In de praktijk werden deze gegevens tot op heden nog niet verstrekt aan andere staten. Er bestaan namelijk nog geen internationale standaardformaten om op efficiënte en massale manier inlichtingen over onroerende goederen uit te wisselen. Een bijkomende moeilijkheid is dat de onroerende voorheffing, die ook zou moeten worden meegedeeld, tot de bevoegdheid van de regio’s behoort. Omtrent de uitwisseling van deze gegevens is momenteel een overleg met hen lopende.

2. Artikel 8 van de Europese Richtlijn 2011/16/EU van 15 februari 2011 voorziet dat de lidstaten vanaf 1 januari 2015 op een geautomatiseerde wijze informatie uitwisselen over de eigendom en de inkomsten van onroerende goederen.

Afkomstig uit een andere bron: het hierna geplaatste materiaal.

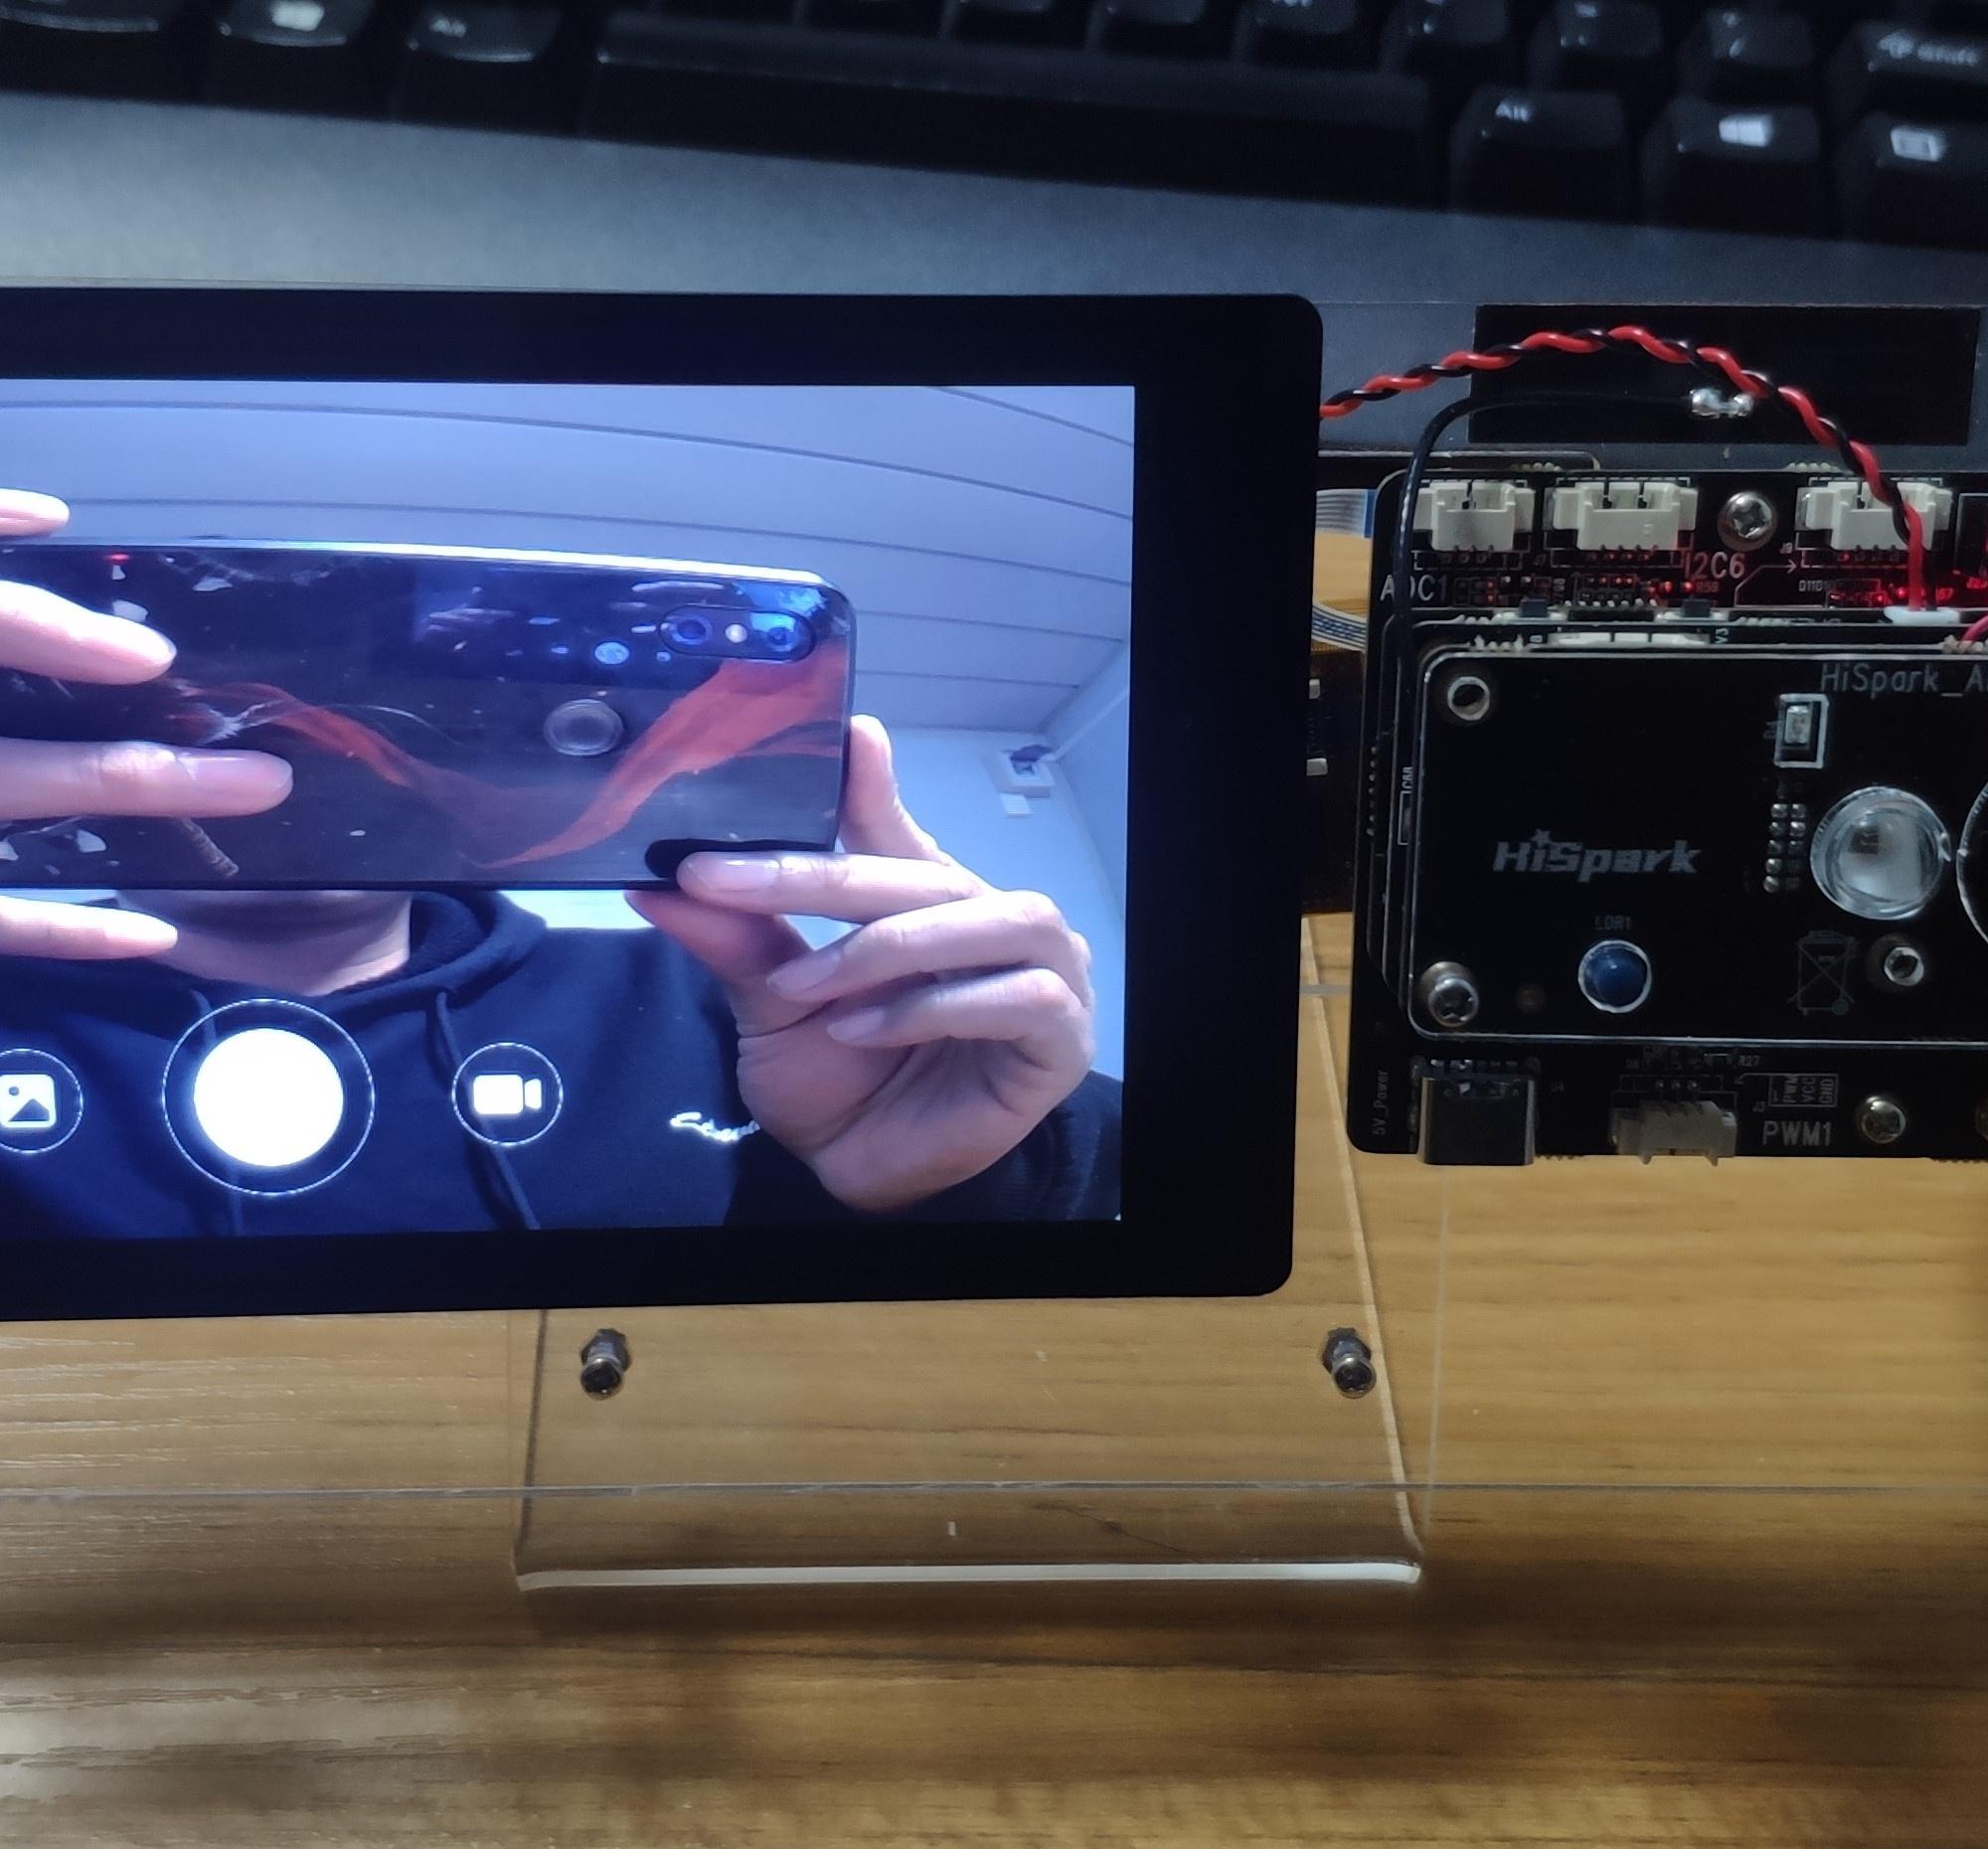 【HarmonyOS HiSpark AI Camera试用连载 】第一篇:开箱报告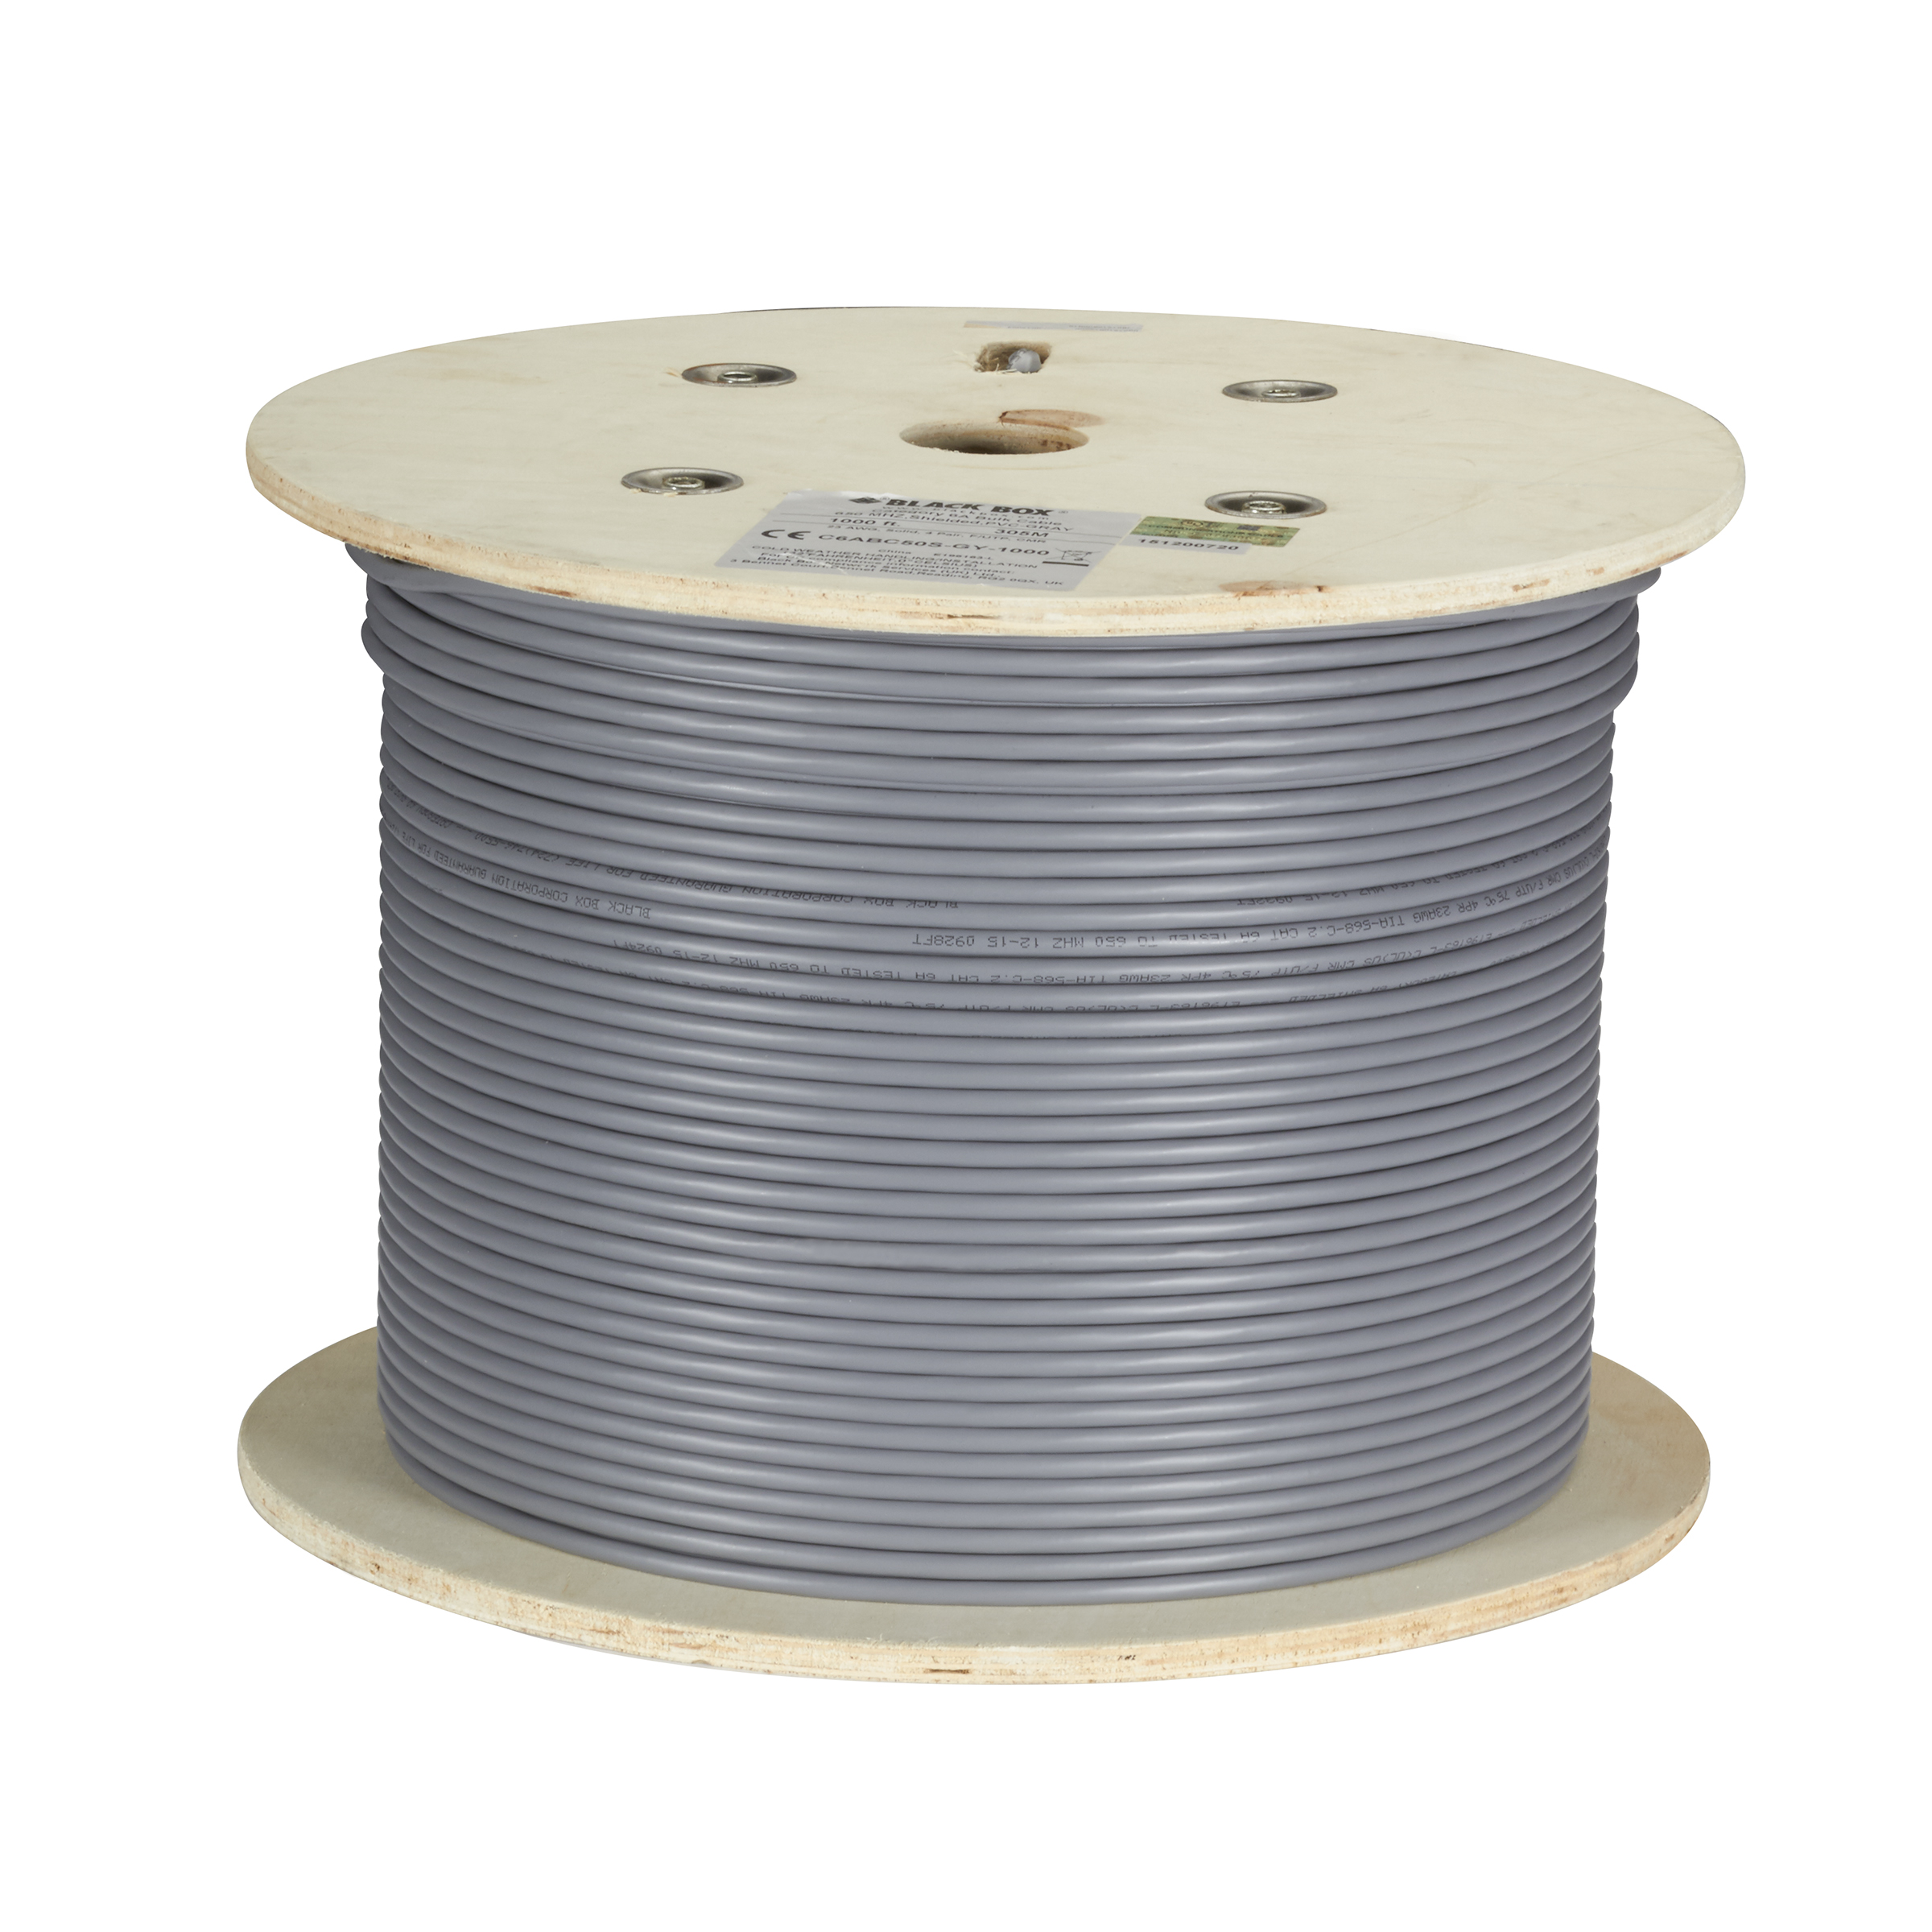 1000\' CAT6A 650MHz Solid Bulk Cable F/UTP CMP Gray | Black Box

Momenteel wordt de implementatie van deze richtlijn opgevolgd door het CACT van de Europese Commissie (Committee for Administrative Cooperation on Taxation).

België heeft in de schoot van dit Comité een pioniersrol op zich genomen door enerzijds de structuur aan te reiken voor het standaard datamodel dat zal dienen voor de uitwisseling van deze informatie en anderzijds door een vertegenwoordiger af te vaardigen naar de werkgroep waar de behoeften aan informatie worden geïdentificeerd en beschreven.

Ter voorbereiding van de implementatie van deze richtlijn werd door mijn administratie de ontwikkeling van het uitwisselingsplatform STIRINT opgestart zodat de uitwisseling kan gerealiseerd worden volgens de voorziene planning.